-------- Input data

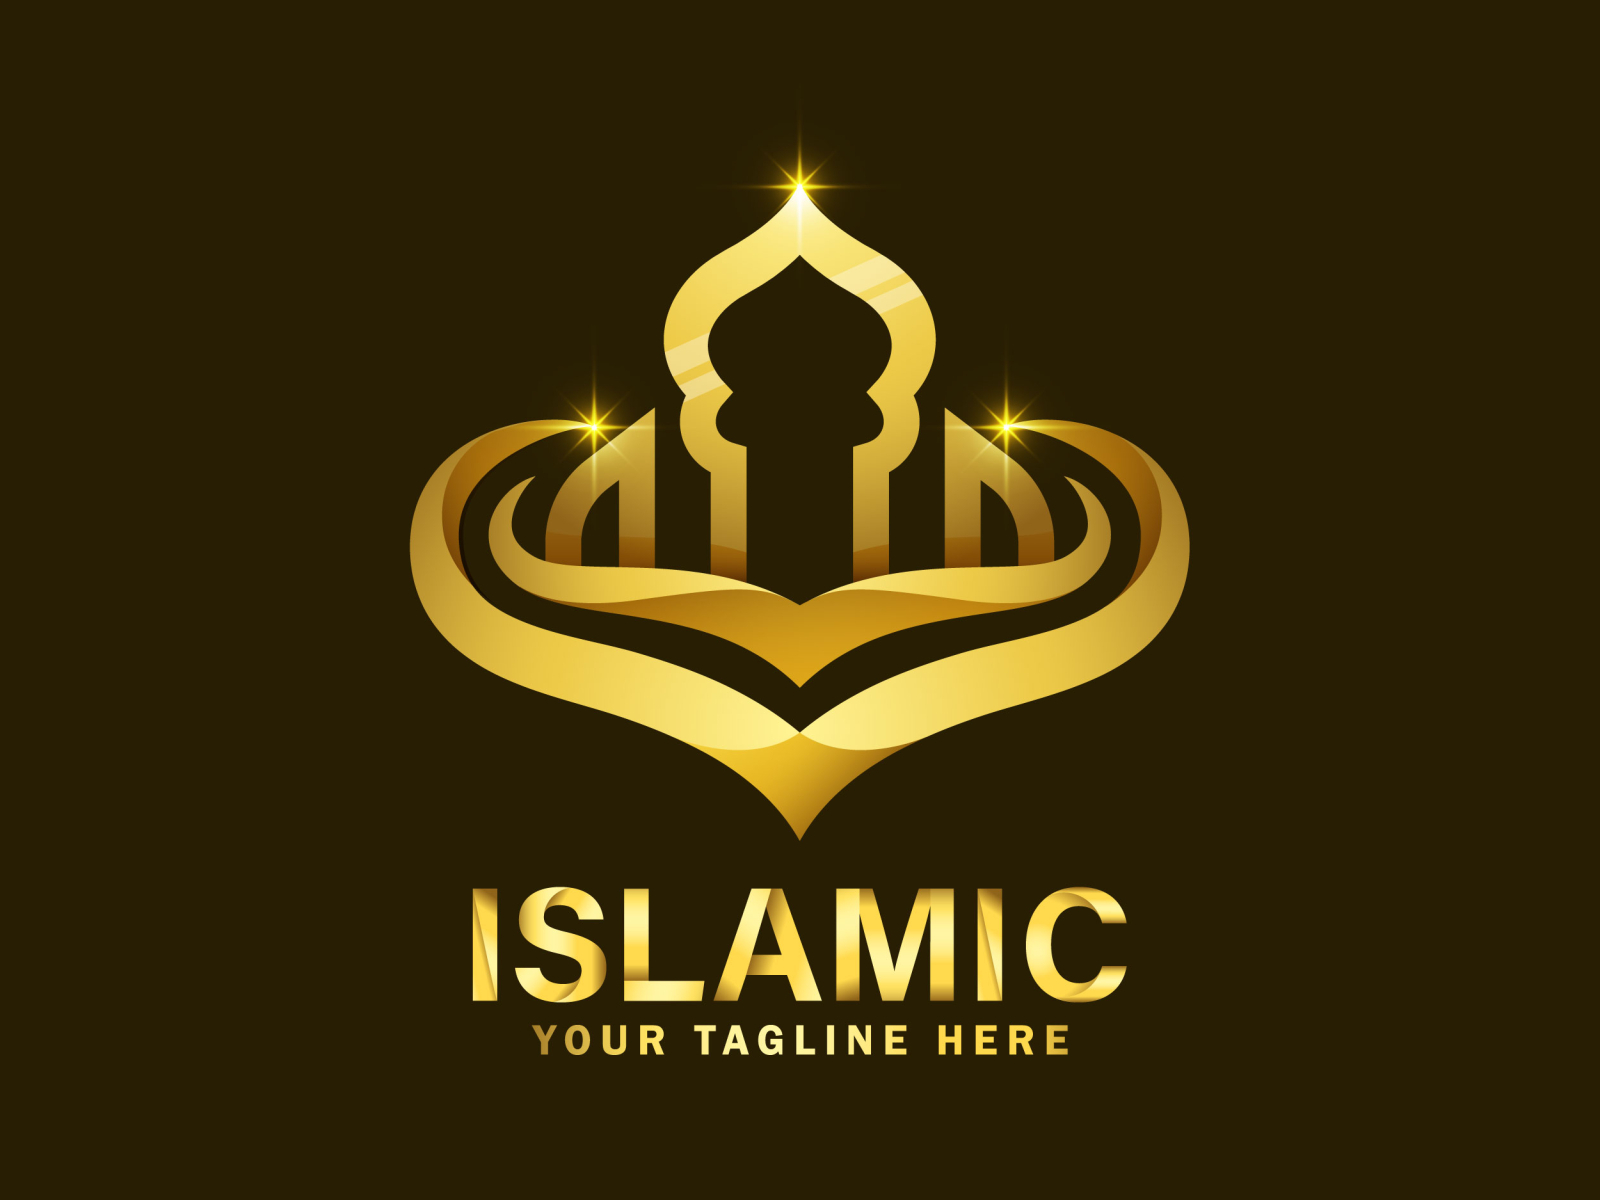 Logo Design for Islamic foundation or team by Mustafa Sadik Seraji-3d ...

----------------
-------- Input data

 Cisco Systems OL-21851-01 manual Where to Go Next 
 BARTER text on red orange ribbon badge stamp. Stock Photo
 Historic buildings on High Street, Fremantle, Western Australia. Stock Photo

----------------

## Your assignment
Every line of the data that holds "Photo" should be counted, and only the total given.

## Exercise response
2